Any current generation of GPU cores is less powerful than CPUs: simple ILP / multi-issue [
6 ] and pre-selection [
5 ], no prediction or prediction of transitions / returns. All this, along with tiny caches, frees up a rather large area on the crystal, which is filled with many cores. Memory load / storage mechanisms are able to handle channel widths an order of magnitude more (this does not apply to integrated / mobile GPUs) than regular CPUs, but you have to pay for this with high latency. To hide the delays, the GPU uses SMT [
2 ] - while one wave is idle, others use free kernel computing resources. Typically, the number of waves processed by a single core depends on the registers used and is determined dynamically by allocating a fixed register file [
8 ]. Hybrid - Dynamic-Static [
6 ] [
11 4.4] scheduling instructions execution. SIMT kernels running in SIMD mode achieve high FLOPS values ​​(FLoating-point Operations Per Second, flops, number of floating point operations per second).
Legend of the chart. Black is inactive, white is active, gray is disabled, blue is idle, red is pending
Figure 1. 4: 2 execution history
The image shows the history of the execution mask, where the time from left to right is plotted on the x axis, and the line identifier going from top to bottom on the y axis. If this is not yet clear to you, then return to the picture after reading the following sections.
This is an illustration of how the execution history of a GPU kernel may look like in a fictional configuration: four waves share one sampler and two ALUs. The wave planner in each cycle releases two instructions from two waves. When a wave is idle when performing a memory access or a long ALU operation, the scheduler switches to another pair of waves, so that the ALU are constantly occupied by almost 100%.
Figure 2. 4: 1 execution history
An example with the same load, but this time in each cycle of the instruction only one wave releases. Notice that the second ALU is starving.
Figure 3. 4: 4 execution history
This time, four instructions are issued for each cycle. Note that the ALU is now too many requests, so the two waves are almost constantly waiting (in fact, this is the error of the scheduling algorithm).
Update For more information about the difficulties of scheduling instructions, see [
12 ].
In the real world, GPUs have different kernel configurations: some can have up to 40 waves per core and 4 ALUs, others have fixed 7 waves and 2 ALUs. It all depends on many factors and is determined by the painstaking process of architecture simulation.

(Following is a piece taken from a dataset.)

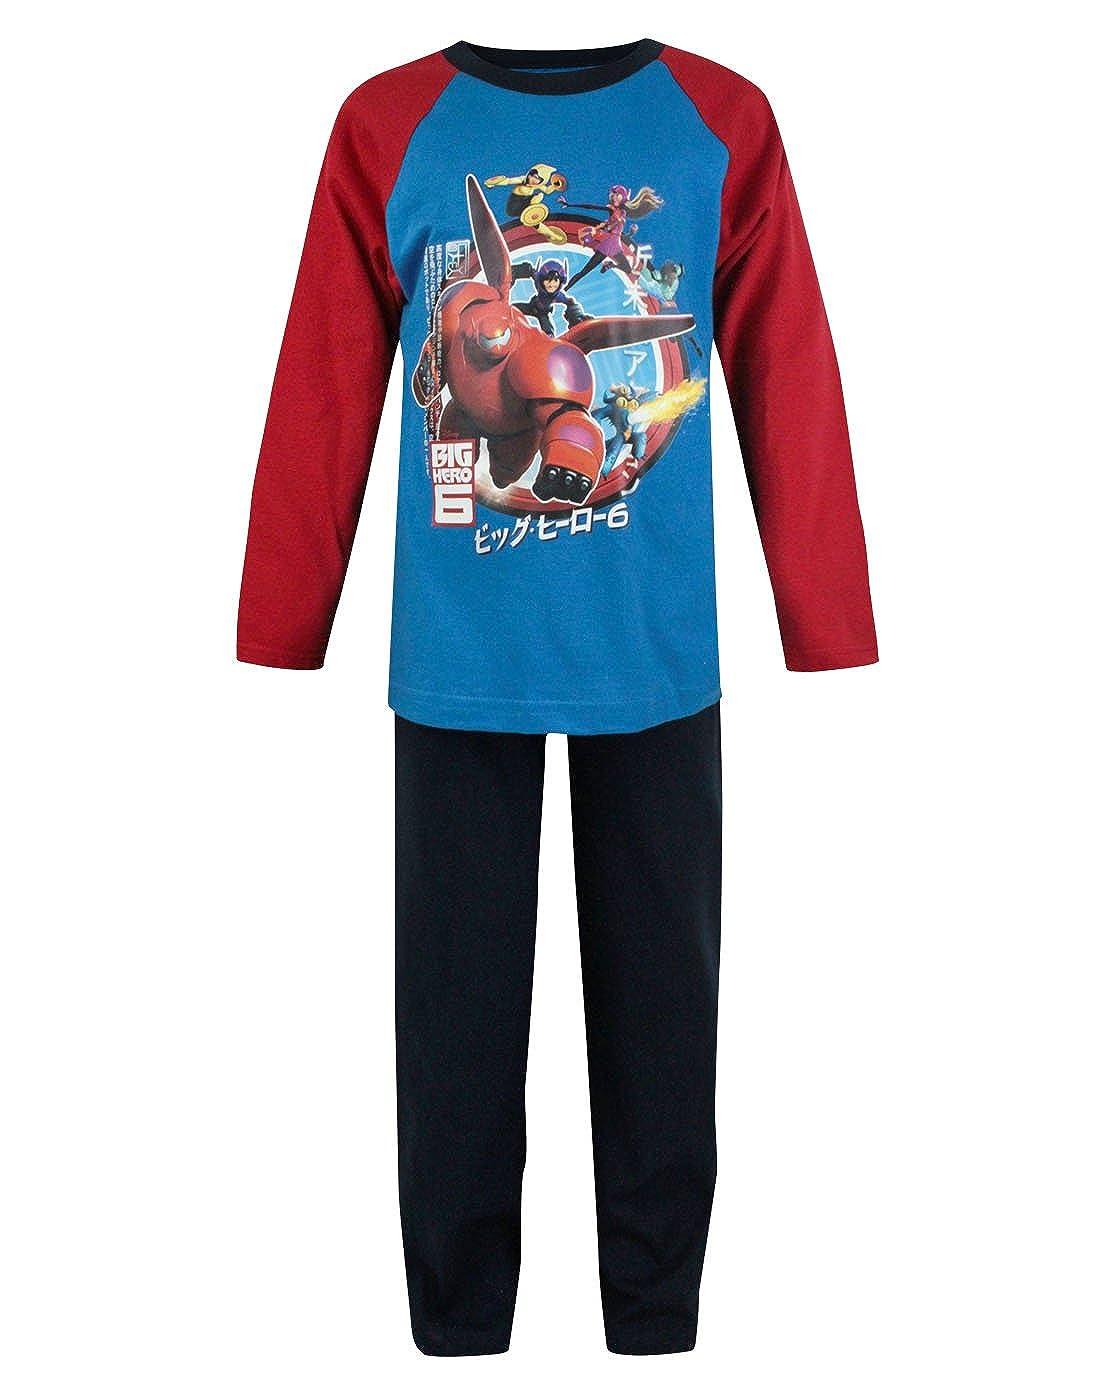 Official Big Hero 6 Boy's Pyjamas

In addition, a real ALD SIMD may have a narrower width than the waves it serves, and then it takes several cycles to process one issued instruction; the multiplier is called the chime length [
3 ].
What is consistency / discrepancy?
Let's take a look at the following code snippet:
Example 1
uint lane_id = get_lane_id(); if (lane_id & 1) {
Here we see a stream of instructions in which the execution path depends on the identifier of the line being executed. Obviously, different lines have different meanings. What should happen? There are different approaches to solving this problem [
4 ], but in the end, they all do about the same thing. One of these approaches is the execution mask, which I will consider. This approach was used in the Nvidia GPU to Volta and on the AMD GCN GPU. The basic meaning of the execution mask is that we store a bit for each line in the wave. If the corresponding line execution bit is 0, then no registers will be affected for the next instruction issued. In fact, the line should not feel the influence of all executed instructions, because its execution bit is 0. This works as follows: the wave travels through the control flow graph in the depth-first search order, keeping the history of the selected transitions until the bits are set. I think it is better to show it by example.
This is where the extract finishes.